## EXERCISE DIRECTIONS
Only the lines from the one with "J300 Wired Gaming" to the end of the data, both ends included, should be output, exactly as they stand and without pictures.

## DATA

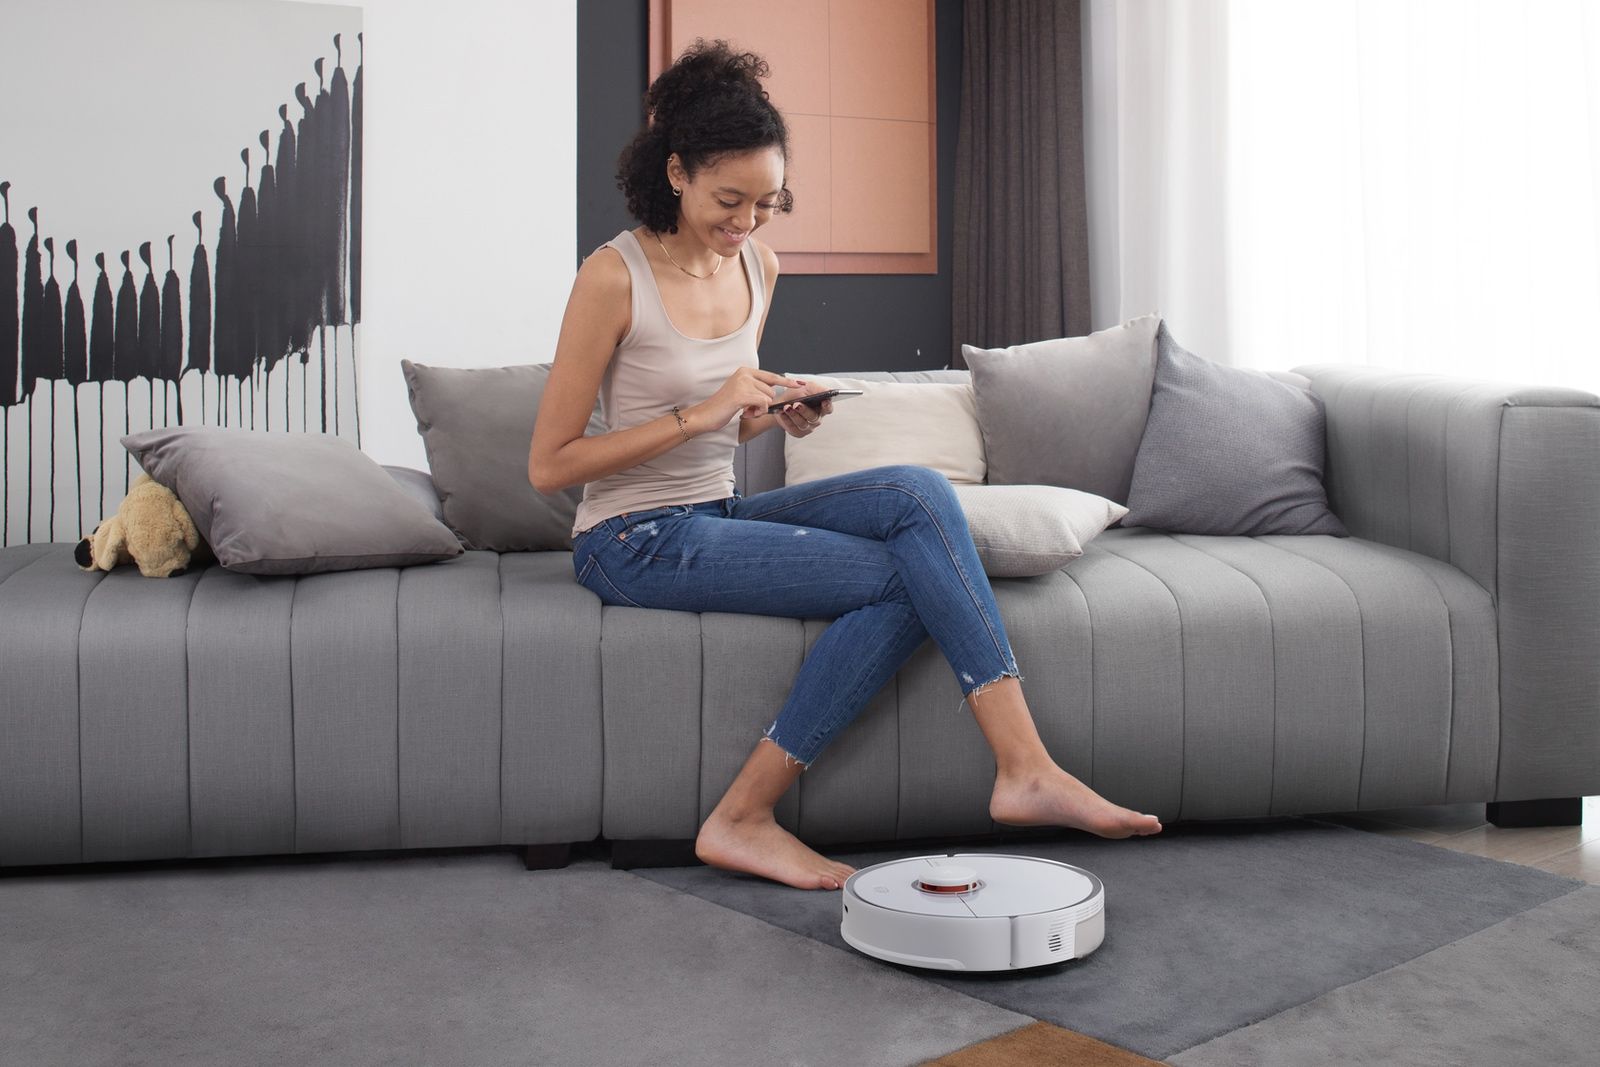 Roborock makes some of the best value vacuums you can buy - but who are they image 1
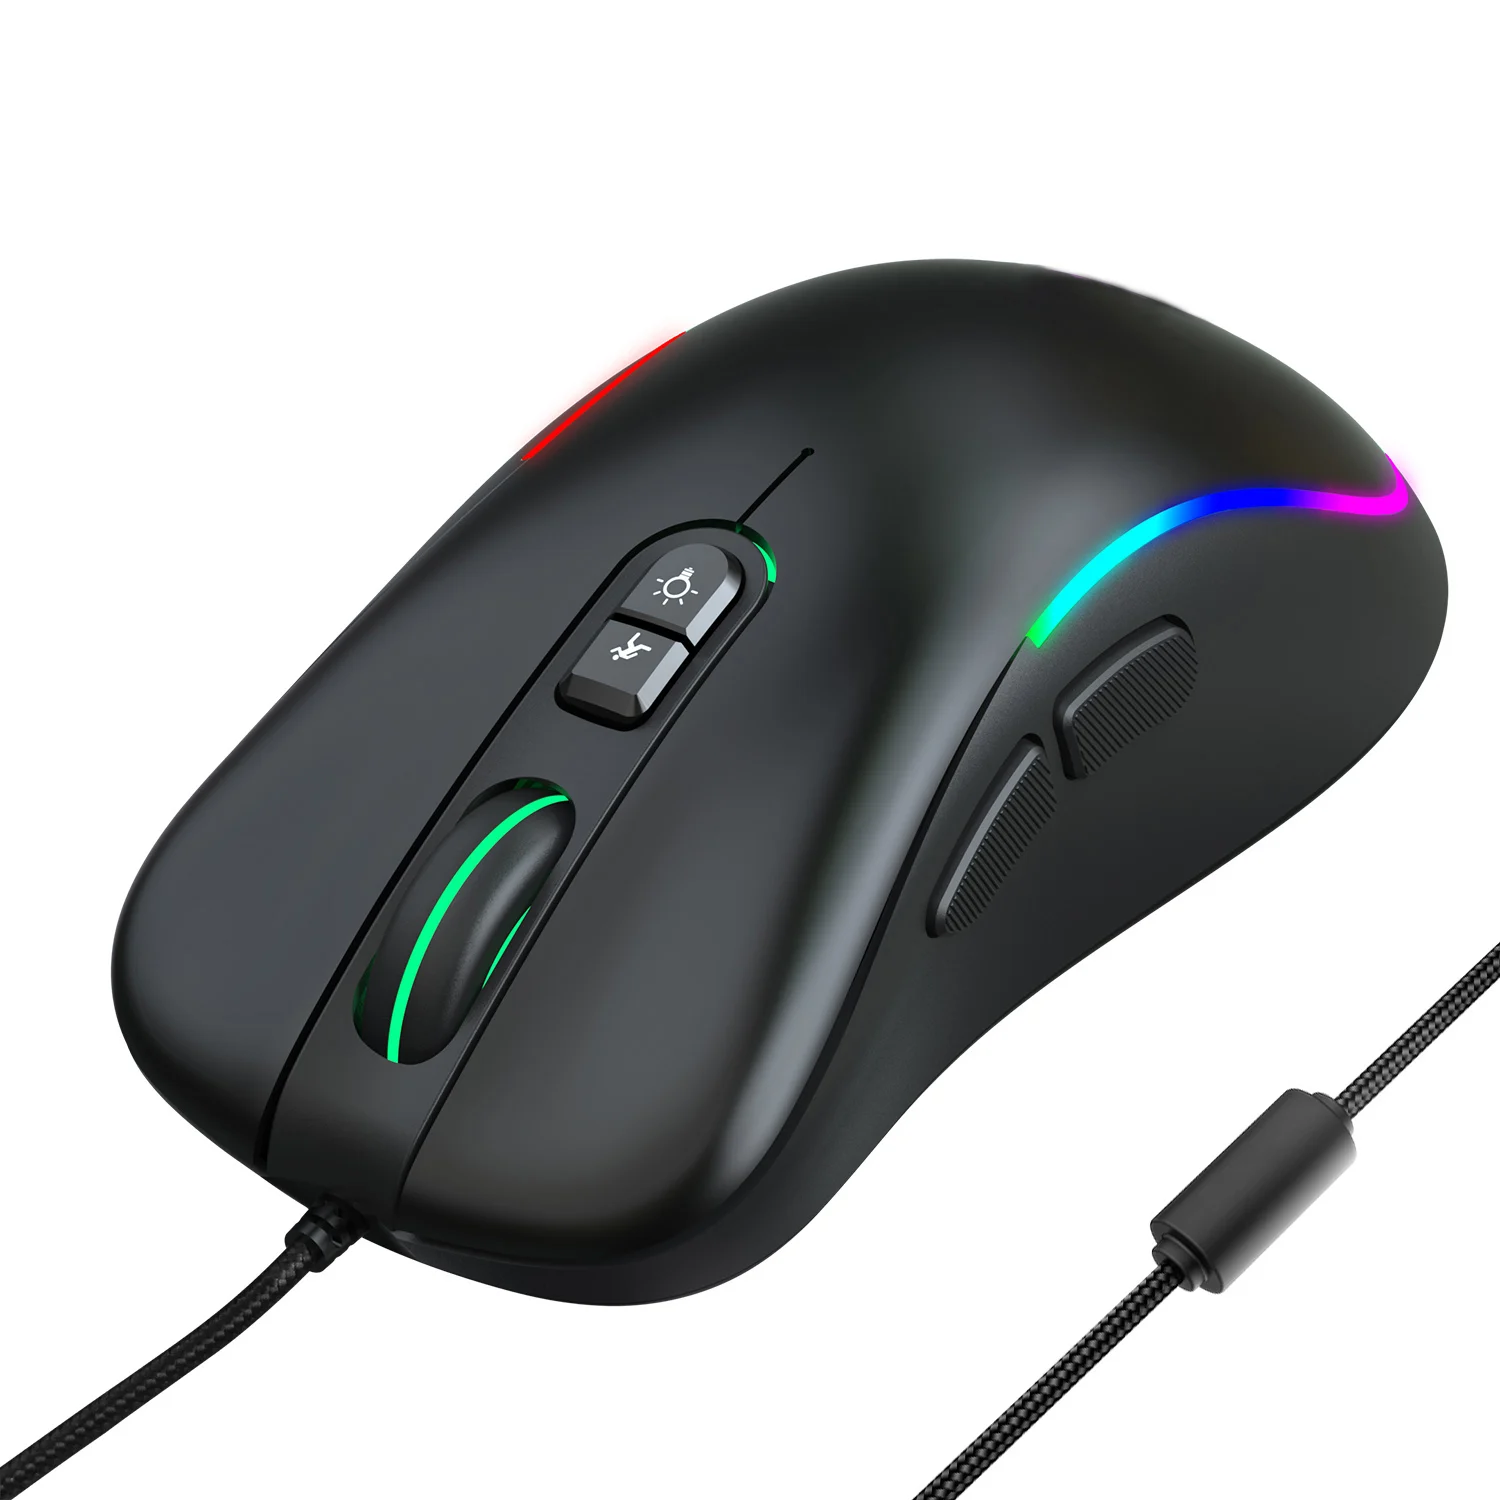 

J300 Wired Gaming Mouse with RGB Optical Usb Light Adjustable DPI 1000/1600/2400/3200/4800/6400 Both Hands CN;GUA Desktop,laptop
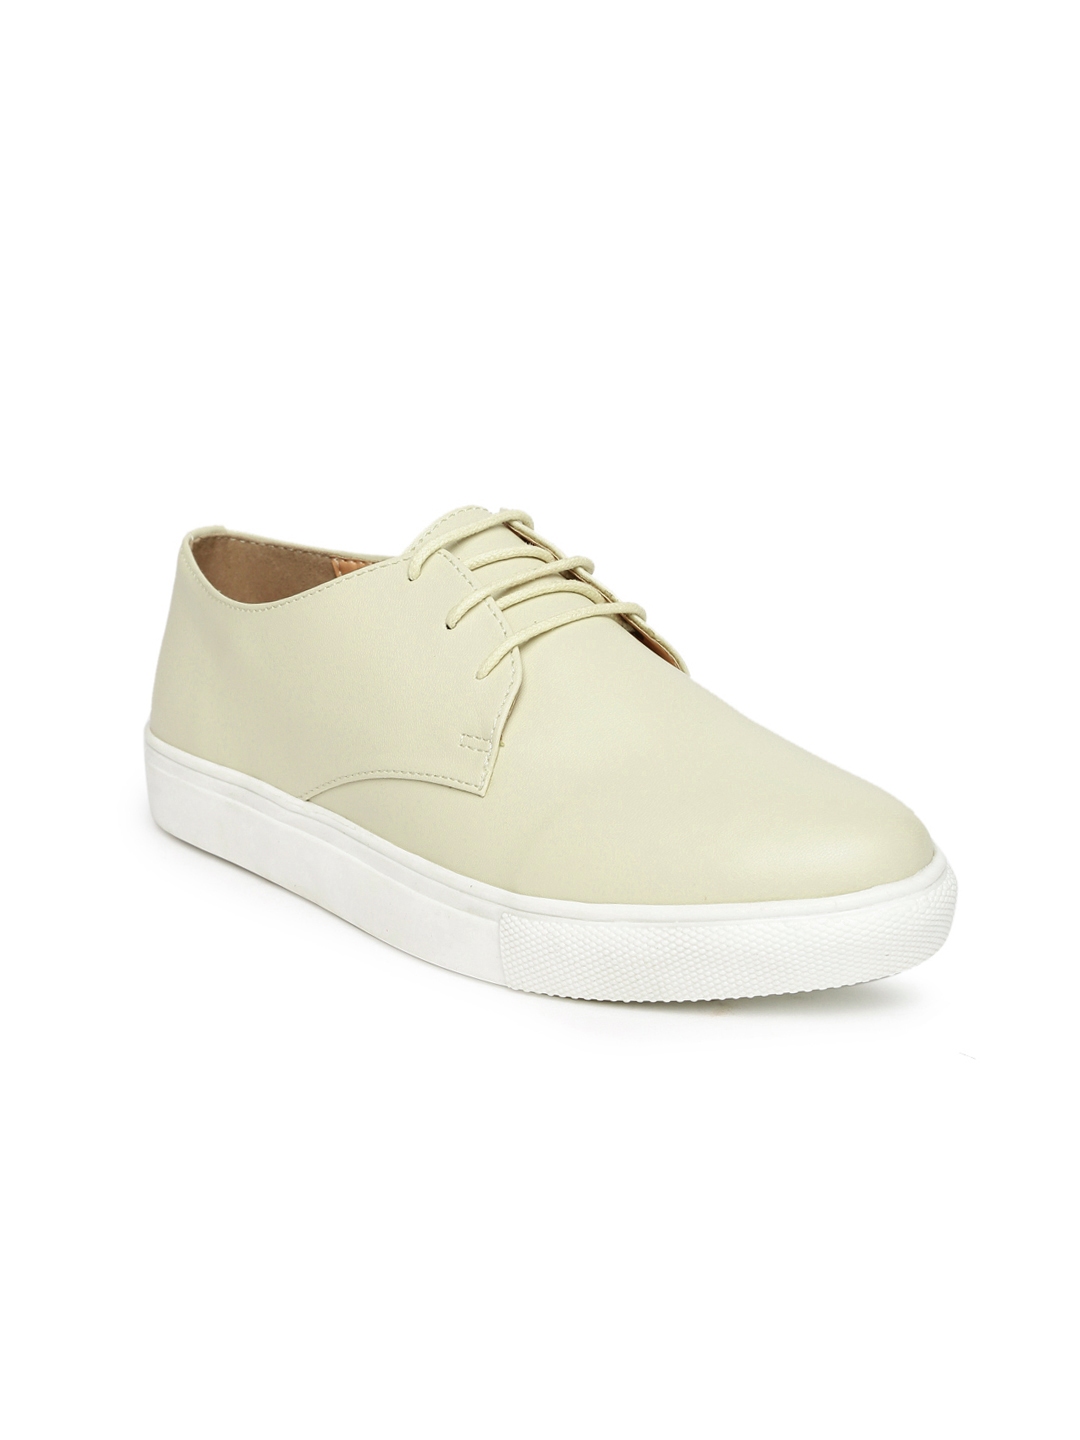 Cream Coloured Sneakers - Casual Shoes 
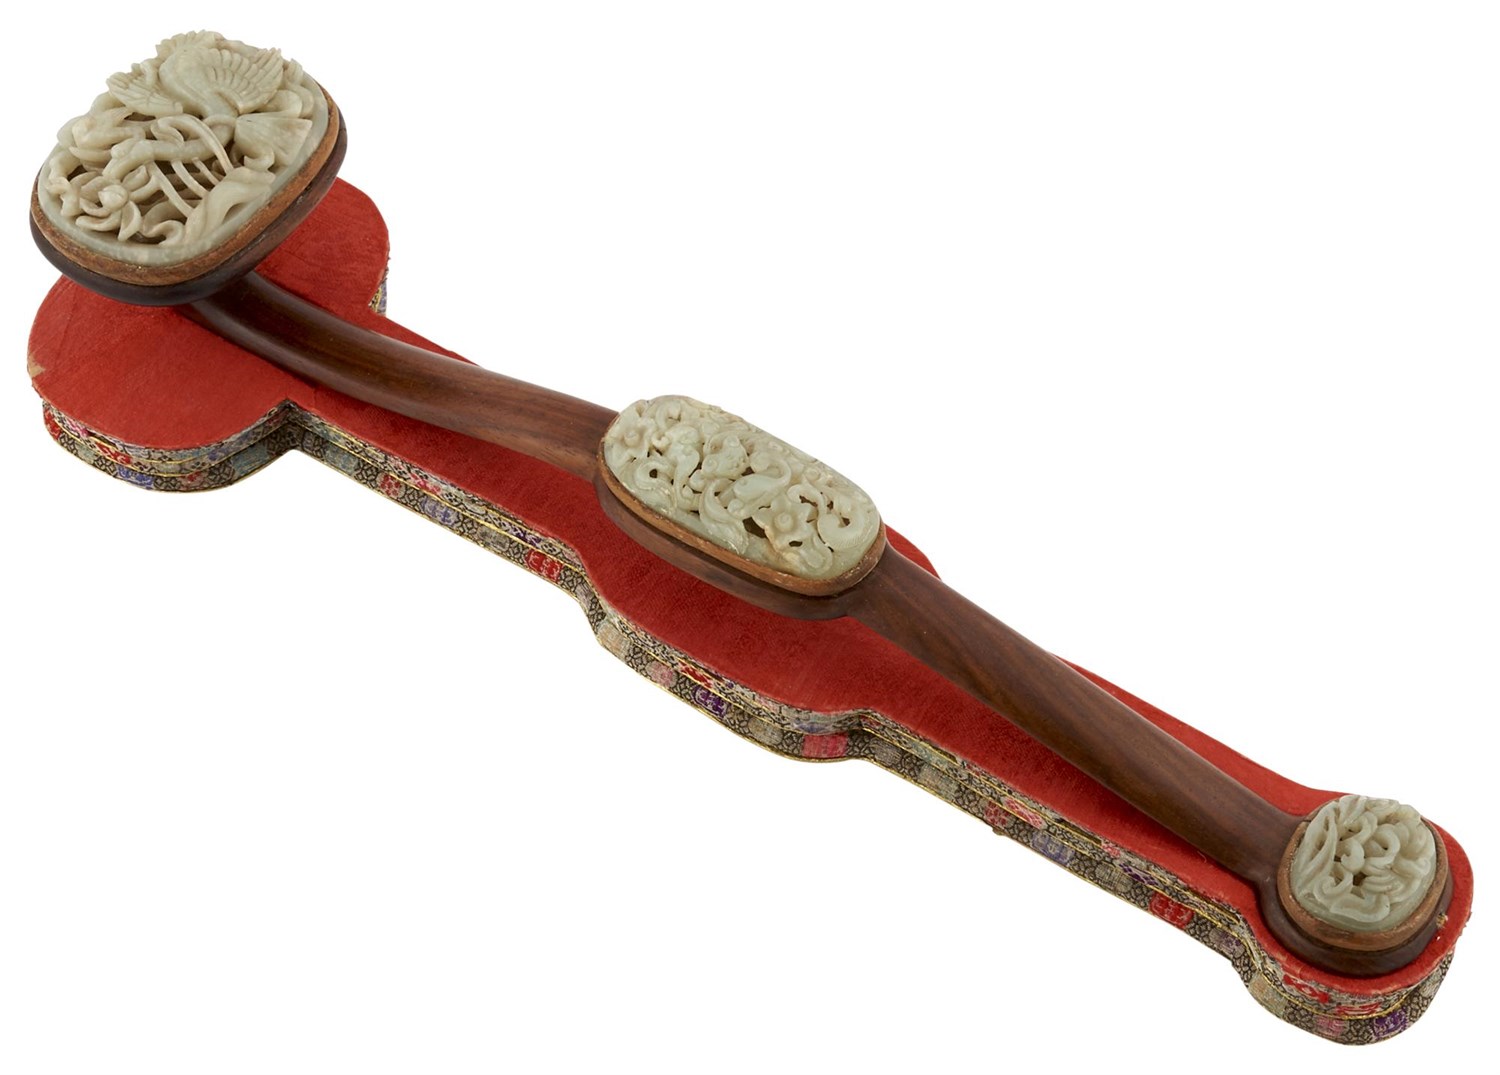 Lot 25 - A Chinese Carved Jade and Hardwood Ruyi Scepter

## RESPONSE
J300 Wired Gaming Mouse with RGB Optical Usb Light Adjustable DPI 1000/1600/2400/3200/4800/6400 Both Hands CN;GUA Desktop,laptop
 Cream Coloured Sneakers - Casual Shoes 
 Lot 25 - A Chinese Carved Jade and Hardwood Ruyi Scepter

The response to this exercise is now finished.